“那个蠢蛋突然想看余兴节目,在蠢蛋先生收拾清理那些和他没有丝毫区别的祭品后,给了小鬼们一人一支铁棒。那对小鬼为了生存下去,只好每晚拼命地学习能够让变态狂人开心的杀人手法,活过了一个又一个冰冷的夜晚。”巴鲁克凝视着屏幕上正在移动的光标淡淡地说着,不知不觉间长长的烟灰掉落在了金属的地面上……
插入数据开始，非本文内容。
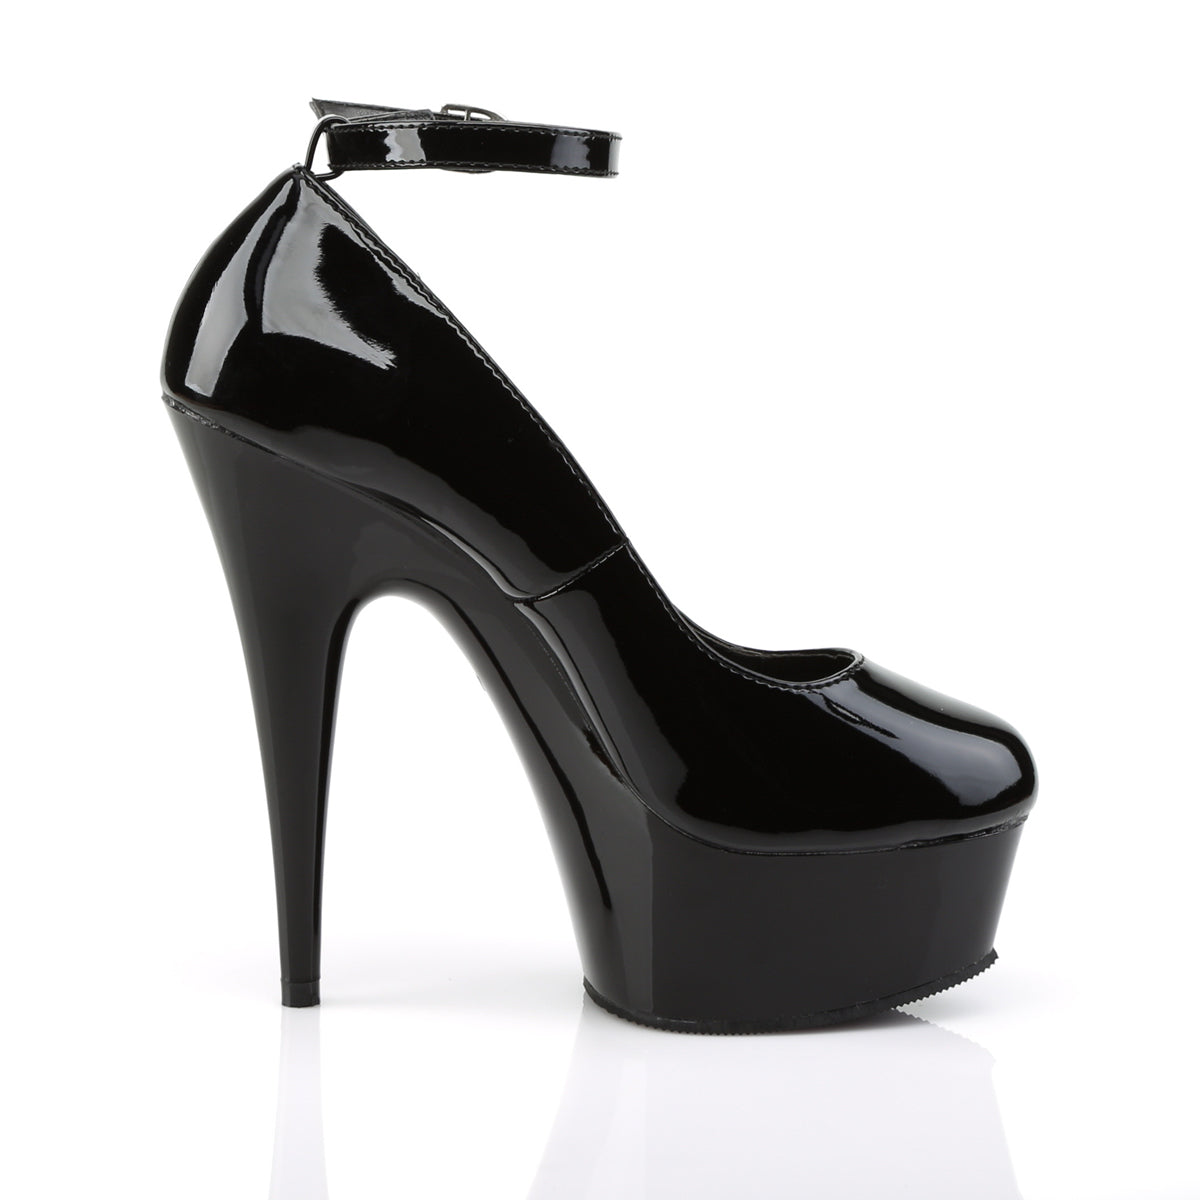 DELIGHT-686 6" Heel Black Patent Pole Dancing Platforms-Pleaser- Sexy Shoes Fetish Heels

轻轻的弹了弹烟嘴,巴鲁克再次猛吸了一大口焦油和尼古丁的混合气体说道:“那两个小鬼……就是被这样调教出来的,而且在不知不觉间,接受了这一切。舍弃了蓝天下的世界,沈沦在了深邃的黑暗之中。成为了那个低能导演下一双表演用的狗。”
“真是够残酷的事情,真是配合我们的这个世界的写照啊。”冯爱丽娜翻过身子倚靠在金属栏桿上笑道:“需要同情他们一下吗?大姐头?”
“这可就是蠢话了呢,道德和正义什么的,我向来是不屑一顾的。这类东西……和从屁眼裏出来的东西相似的令人吃惊。同情这对小鬼?那不就和一边出售导弹和ms一边鼓吹和平的蠢蛋没区别了。”
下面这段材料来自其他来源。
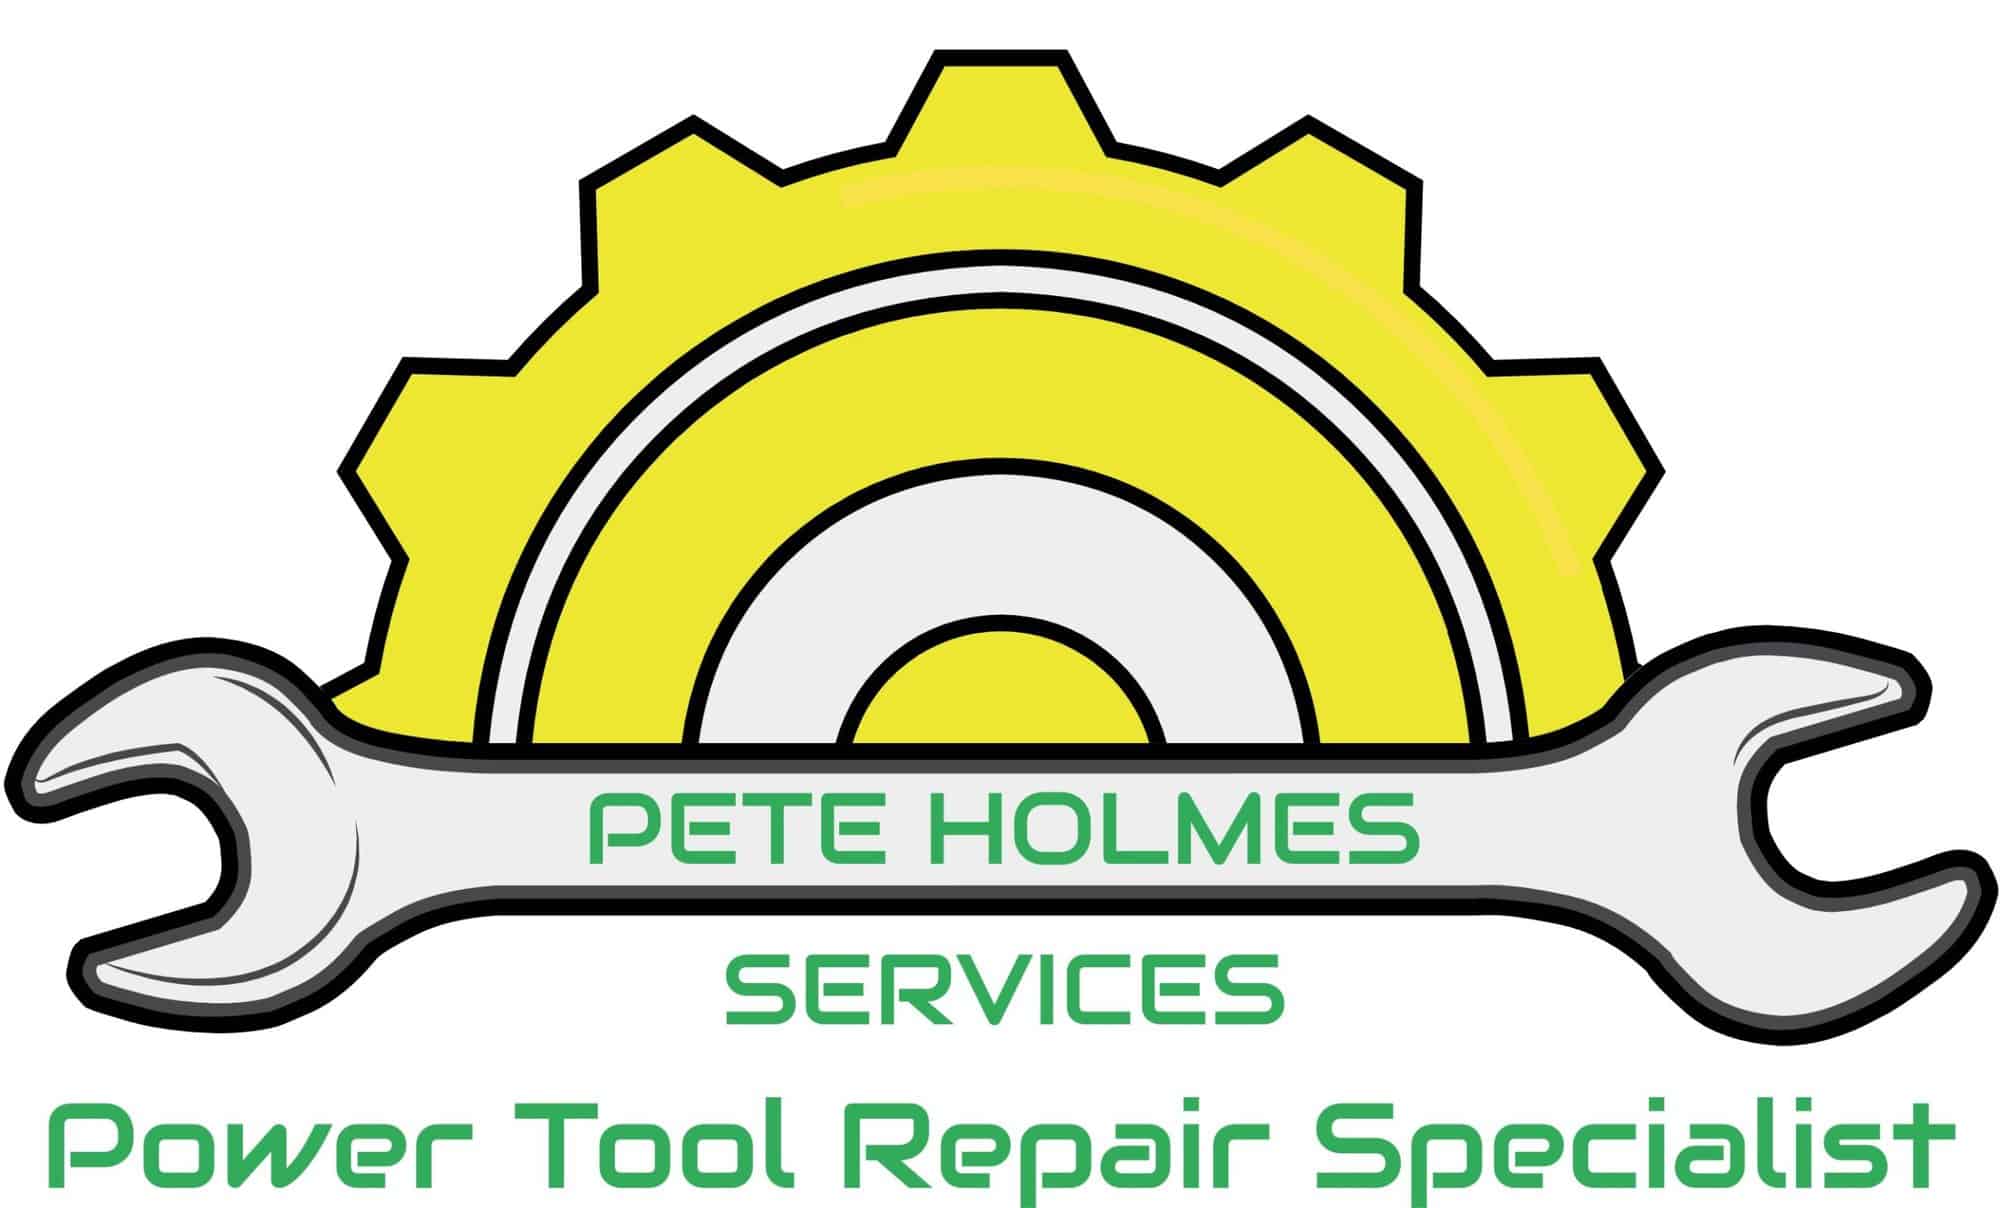 Pete Holmes Services

“我们只要完成任务,将所有的碍事者铲除就可以了吧?但是适当的玩耍也无所谓吧?大姐头?在完成任务的前提下……”
“暂时忍耐着吧,观察一下也不错……”
“迷路的小孩子?要求借宿一宿?”渥特菲德看了一下电话确认没有问题后有些不满的说道:“我们这可不是宾馆啊,可以联络警察去找他们的家长吗?”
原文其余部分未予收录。